Search code examples
pythonherokuschedule

How to schedule a python script on Heroku


I am deploying a script (a Scrapy python one) on Heroku, and I want it to be launched 4 times in the morning.

I can definitely run it by connecting to my Heroku account (I have a free plan) and typing this on the windows command line:

heroku run scrapy crawl sytadin

But I am having some issues when I try to run it through Heroku Scheduler. It asks me if I want to write something like $ rake. I never used rake before, is it something to use before run or after run?

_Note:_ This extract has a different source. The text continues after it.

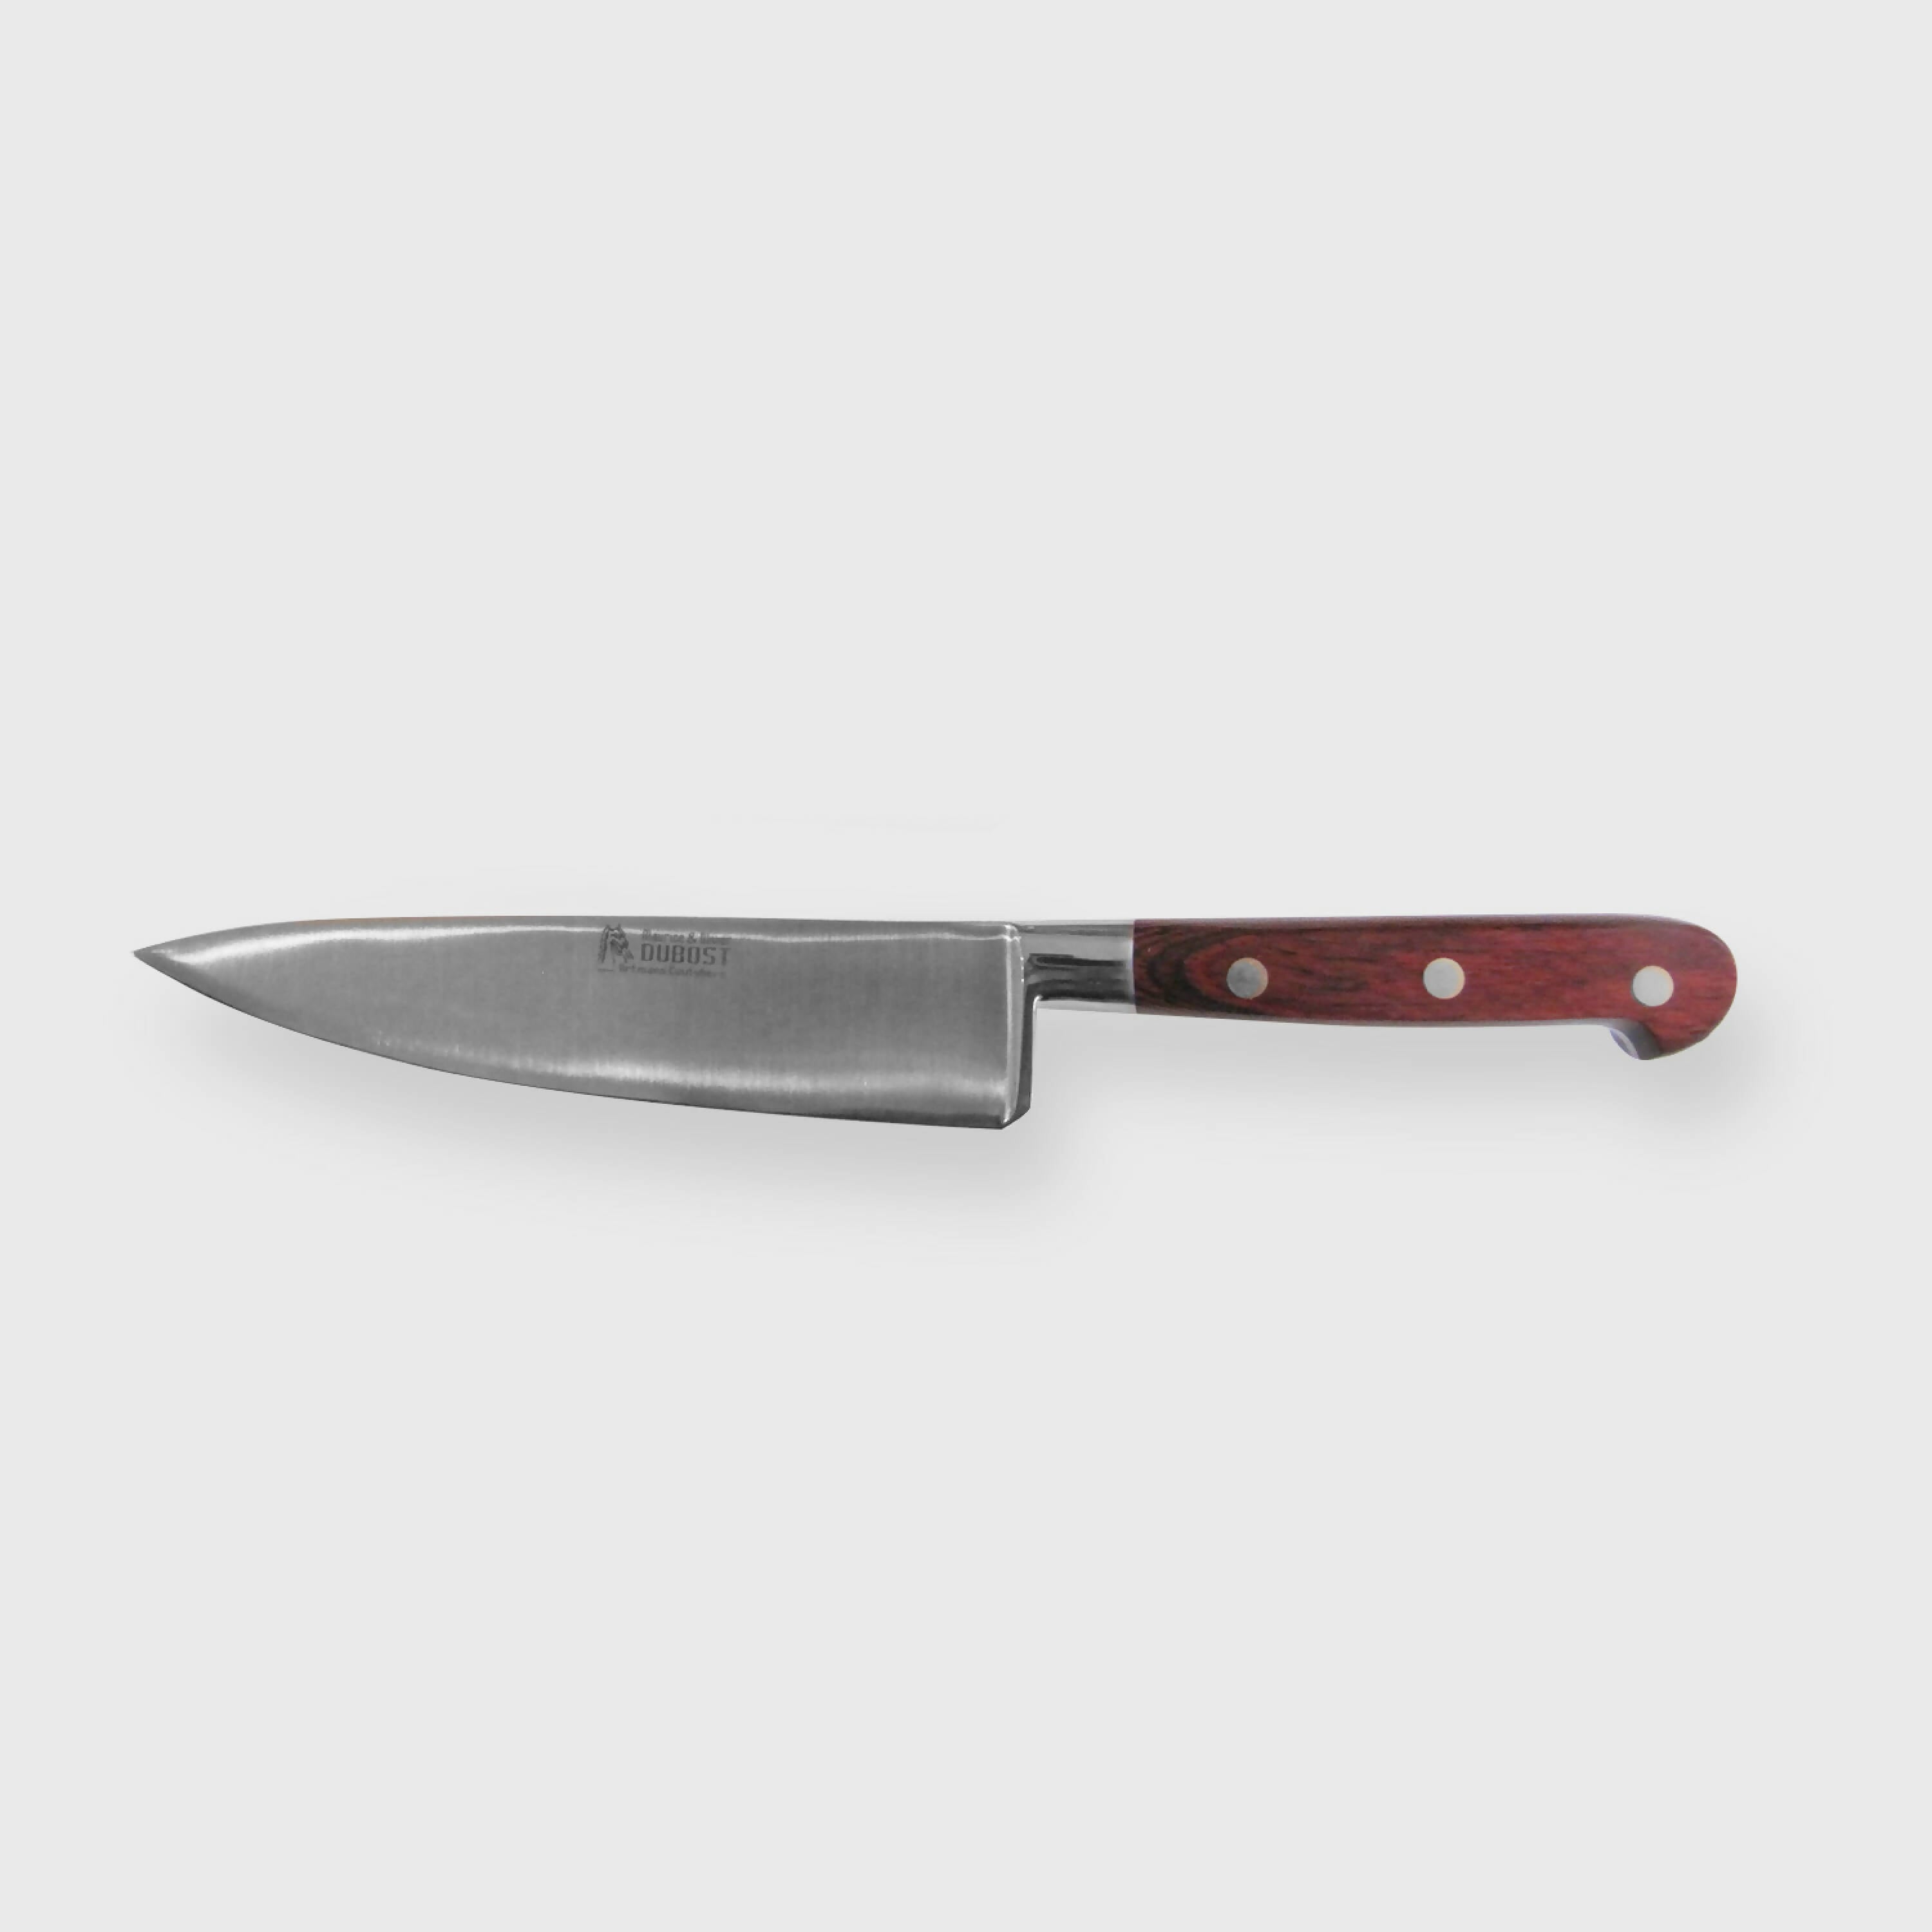 Couteau de cuisine forgé 20 cm en bois d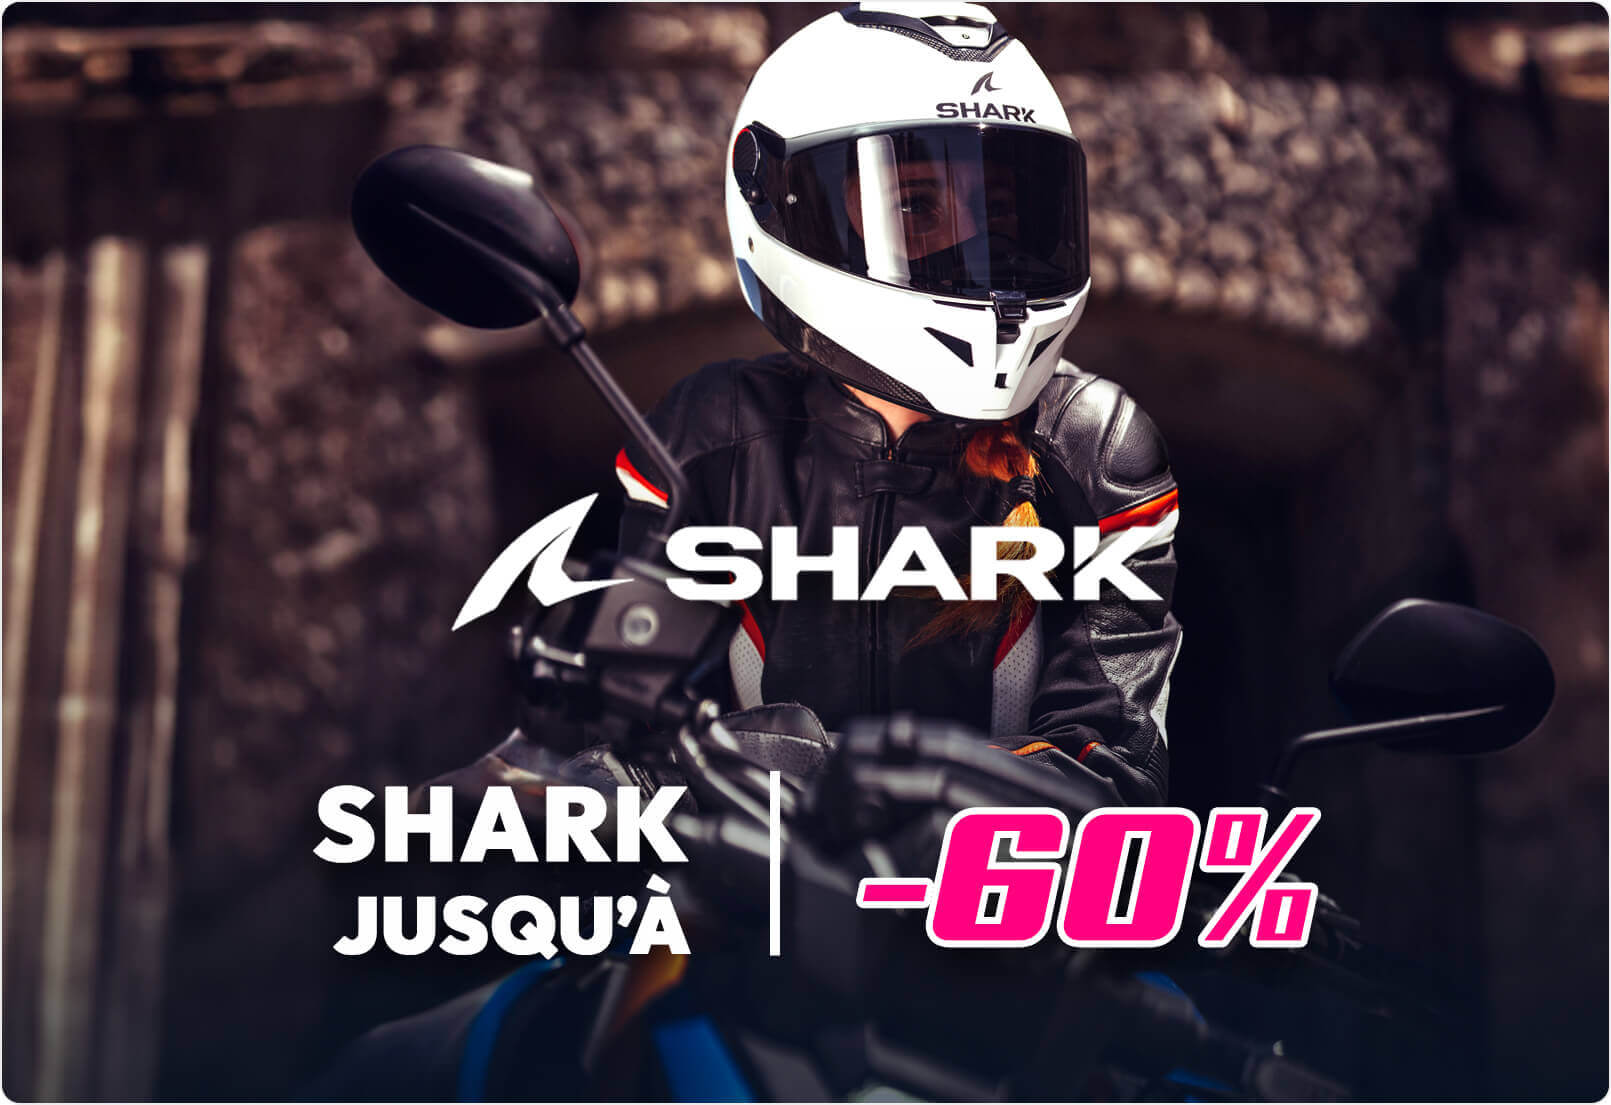 Casques Shark jusqu'à -60%

Should I use the keyword heroku first?

I have no idea, and everything I tried failed, as I can see in the log :

2017-01-19T23:47:05.305039+00:00 heroku[scheduler.3450]: Starting process with command `python "sytadin" crawl`
2017-01-19T23:47:05.974030+00:00 heroku[scheduler.3450]: State changed from starting to up
2017-01-19T23:47:08.335845+00:00 heroku[scheduler.3450]: State changed from up to complete
2017-01-19T23:47:08.204289+00:00 app[scheduler.3450]: /app/.heroku/python/bin/python: can't find '__main__' module in 'sytadin'
2017-01-19T23:47:08.326081+00:00 heroku[scheduler.3450]: Process exited with status 1
2017-01-19T23:48:27.681890+00:00 app[api]: Starting process with command `python sytadin/sytadin.py crawl` by user scheduler@addons.heroku.com
2017-01-19T23:48:35.571615+00:00 heroku[scheduler.6352]: Starting process with command `python sytadin/sytadin.py crawl`
2017-01-19T23:48:36.156250+00:00 heroku[scheduler.6352]: State changed from starting to up
2017-01-19T23:48:37.424920+00:00 heroku[scheduler.6352]: Process exited with status 2
2017-01-19T23:48:37.360306+00:00 app[scheduler.6352]: python: can't open file 'sytadin/sytadin.py': [Errno 2] No such file or directory
2017-01-19T23:48:37.445476+00:00 heroku[scheduler.6352]: State changed from up to complete

As you can see I tried different possibilities I found on the web, but it doesn't work properly :(

Any guess for my python script? :)


Solution

  • The Heroku scheduler basically just does heroku run + whatever command you type there.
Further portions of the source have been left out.